Saat geç olmaya başladığında eve gelip üzerimi değiştirdim. Mari teyzeler evde tek kalmamı istemese de onları ikna edip evden göndermiştim. Zaten yeterince onlara yük olduğumu hissediyordum, birde başbaşa yemek yeme planlarını bozmak istemedim. Tek kalmamı fırsat bilerek kitabımı alıp salondaki cam kenarına konulmuş tekli koltuklardan birine yerleştim. Kaç saat kitap okudum ya da hangi ara uykuya daldım bilmiyorum. Tek hatırladığım bir çift kolun beni kucaklayarak yatağıma taşıması ve alnıma öpücük bırakmasıydı. Sabah uyandığımda Lydia'nın aşağıdan bağırma sesleri geliyordu. Son günlerde bana olan tavrı da değişmiş, aramıza duvarlar örmüş olması aşağıdaki bağırışların sebebinin ben olduğunu düşündürüyordu. Ses yapmadan merdivenlerin başına gelip dinlemeye başladım. Bunun çok yanlış olduğunu biliyordum ama benimle ilgili olma ihtimali yüksek olduğundan dinlememin sakıncası olmamalıydı.

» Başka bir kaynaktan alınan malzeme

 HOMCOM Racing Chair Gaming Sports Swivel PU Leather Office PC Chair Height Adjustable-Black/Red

"O söylemese Zayn bilemezdi anlamıyor musunuz? Size bile söylememiştim Zayn'e olan aşkımı, sadece Betty biliyordu. Zayn'i onun yüzünden kaybediyorum. İstemiyorum artık onu hayatımda, bu evden Betty gitmezse ben giderim tercih sizin baba" duyduklarım karşısında uyuşmuş kalmıştım. Ne ağlayabiliyordum ne de adım atabiliyordum. Dakikalar sonra merdivenlere yaklaşan adım sesleriyle kendime gelip hızla odaya girdim, telefonumu alarak kendimi banyoya attım. Zayn'i aramam her şeyi daha kötü yapardı onu arayamazdım bu yüzden Liam'ı arayarak telefonu kulağıma götürdüm.

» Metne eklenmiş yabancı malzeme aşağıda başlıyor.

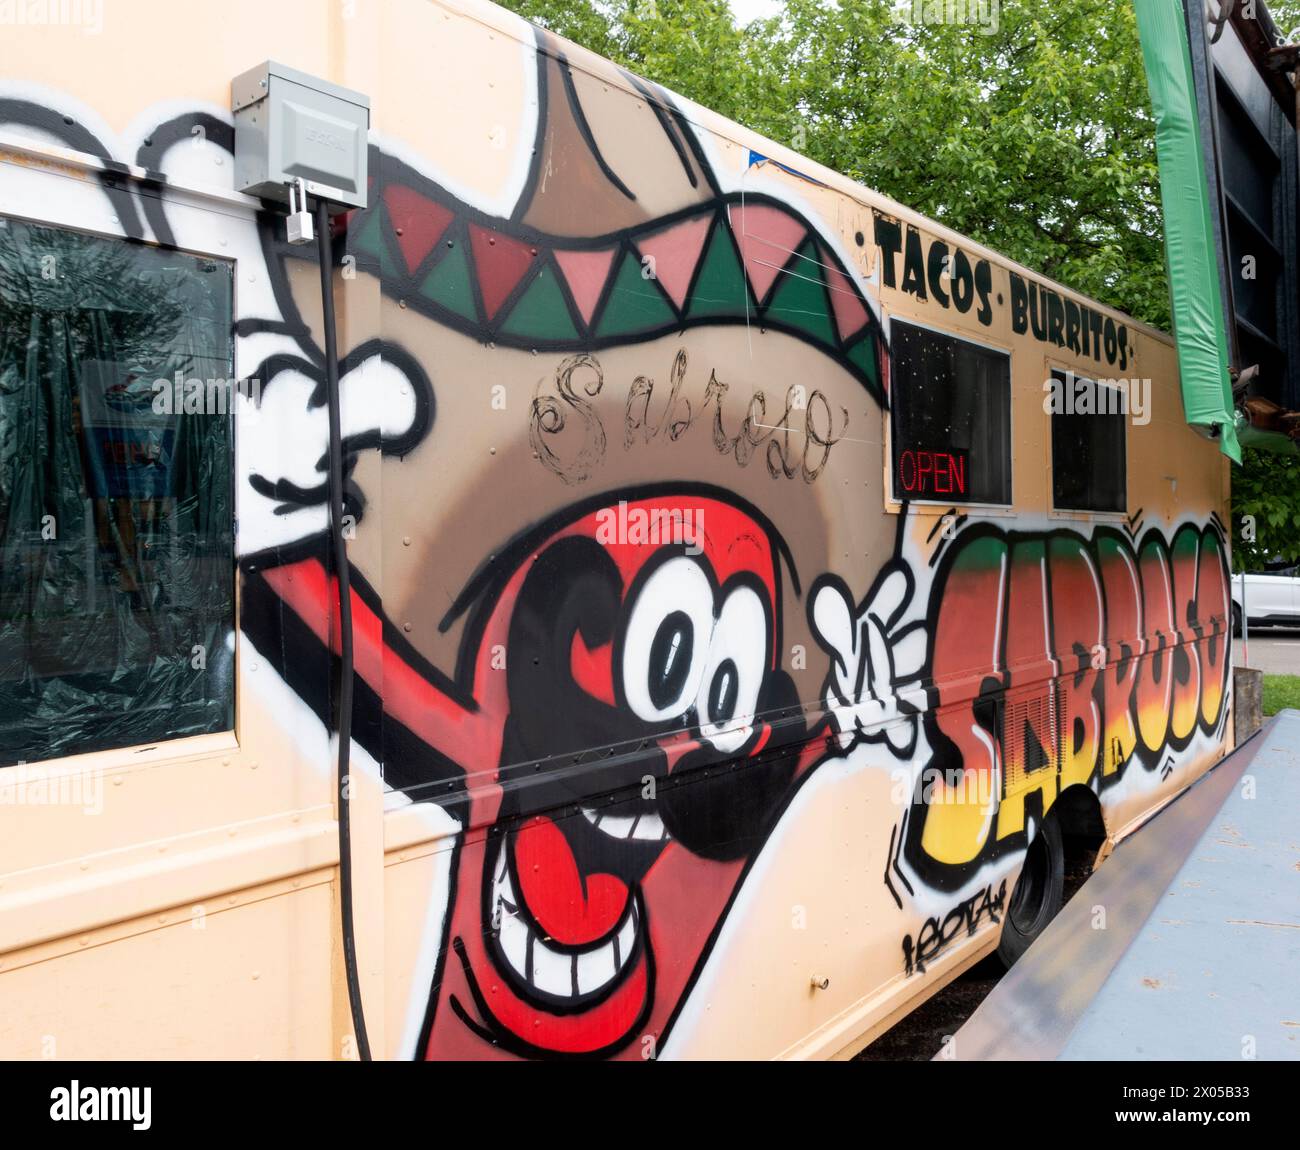 Taco truck to grab a meal with fun caricature painting on the truck. St Paul Minnesota MN USA Stock Photo

Uykulu sesiyle "Günaydın güzelim" diyerek telefonu açtı.
"Liam biran önce gelip beni buradan alır mısın?" şokun etkisinden çıkmaya başladığım için sesim titriyordu. "Sen iyi misin? Neler oluyor?"
"İyiyim sadece beni gelip buradan uzaklaştır. Soran olursa yalnız kalıp birlikte zaman geçireceğimizi söyle"
"Tamam ben hazırlanıp hemen seni almaya geliyorum sevgilim" telefonu kapattığımda gözyaşlarım bu kez kardeşim olarak gördüğüm çocukluk arkadaşımın benim için söylediği kelimeler ve düşünceler için akmaya başlamıştı. Olabildiğince hızlı hazırlanıp cebime telefonumu ve bir miktar parayı sıkıştırdım. Yüzümü yıkayıp bir şeyden haberim yokmuş gibi davranarak aşağı indiğimde Liam gelmiş ve izin almıştı.